Polyethylenimine (PEI) is one of the most effective polymers for nonviral gene delivery (1). The effective transfection ability of PEI is attributed to its capability to condense the string-like DNA molecule into nanoparticles and make the DNA suitable for cellular uptake (2). Several reports examined the details of PEI-DNA complexation; for example, Dunlap et al. have observed the DNA condensate with PEI by using atomic force microscopy (AFM) (3). Although useful for analyzing the final state of the particles, it is difficult to elucidate the DNA condensation mechanism in detail by AFM and similar imaging techniques. Zhou and Li (4) have investigated the PEI-DNA interactions by using ethidium bromide as a fluorescent probe. According to Wiethoff et al. (5), the ability to displace a reporter probe from a DNA will vary among the species of the probes, so that the information gained from such an analysis will depend on the choice of the fluorescent probe. The fluorescent probes also became inadequate for binding analysis because the intensity of the fluorescence changes with the extent of probe burial in complexes. In addition, PEI-DNA complex is known to aggregate (6), making spectroscopic analysis of the PEI-DNA interactions technically difficult and not reliable (7,8).

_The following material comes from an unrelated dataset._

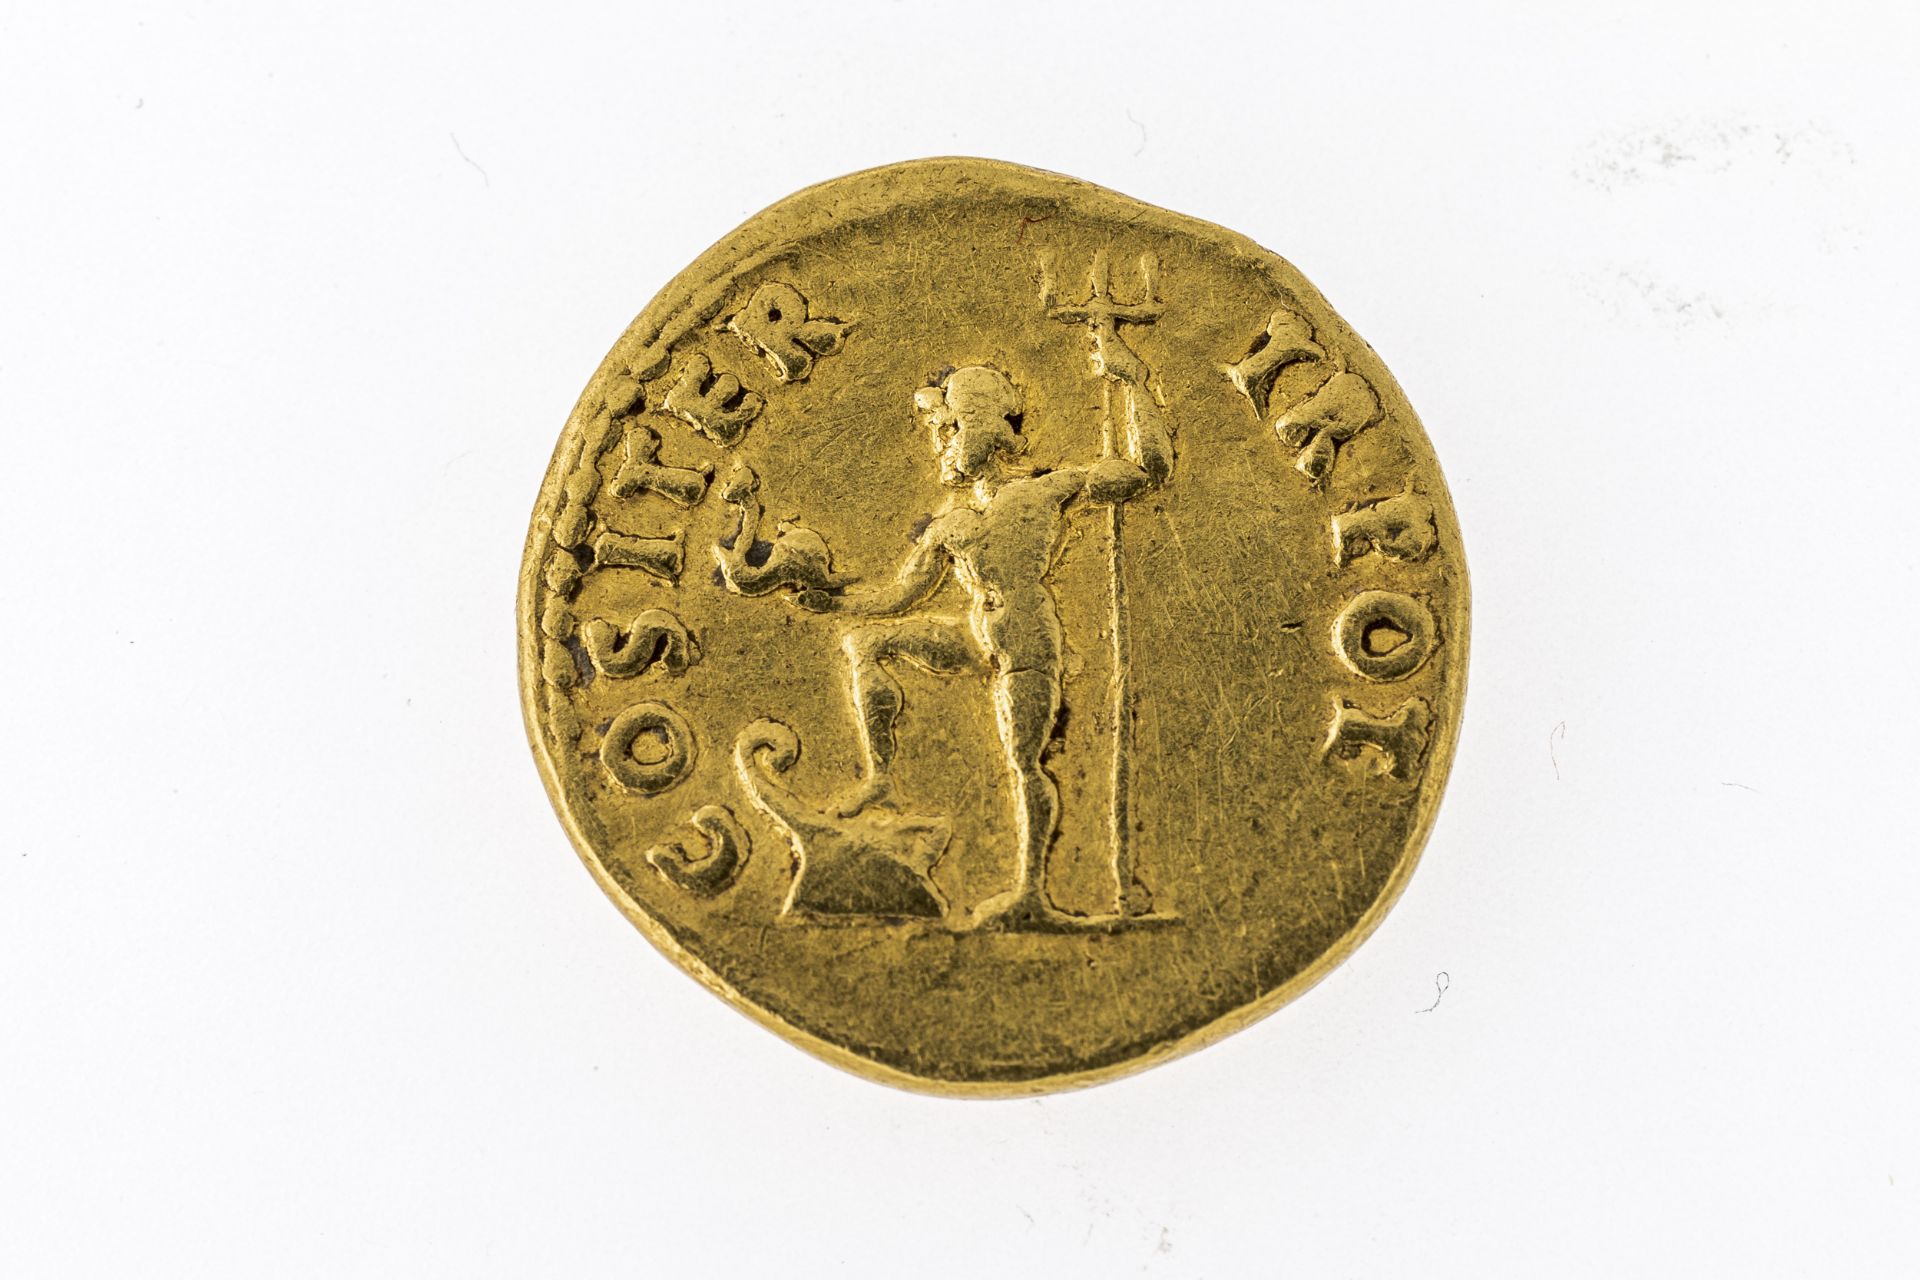 Vespasian - Image 2 of 2

Isothermal titration calorimetry (ITC) is a powerful technique for analyzing interactions of biomolecules in solution because it does not require a reporter probe and it is not susceptible to solution turbidity. Despite its promise, only two studies investigated PEI-DNA interactions by using ITC. Choosakoonkriang et al. (9) have studied the effects of PEI binding to DNA in various buffer conditions, but they could not obtain the binding constant of this interaction because the complexation process was limited by aggregation of the complexes. The enthalpy change for PEI binding to DNA was calculated in an unusual way by using only part of the ITC data generated in that study. Ikonen et al. (10) were able to obtain a binding constant for PEI-DNA interaction from ITC; however, their ITC data were unsatisfactory on the following grounds; i), the dispersion of the data during the titration is too large to accurately determine the thermodynamic parameters, their data points were obtained from single run, and it would have been possible to fit a straight line instead of sigmoid fit in the heat integration data; ii), several peaks at the onset of titration were deleted without explanation (from the 39 titration peaks reported, only 32 were integrated), and the integration values of the peaks ignored would have been greater than two times larger than the other peaks, and; iii), no blank data were reported. The integration curve of PEI titrated into DNA was expected to be convex upward from their raw data. The blank data should be unusual because their integrated data subtracted blank data were sigmoidlike.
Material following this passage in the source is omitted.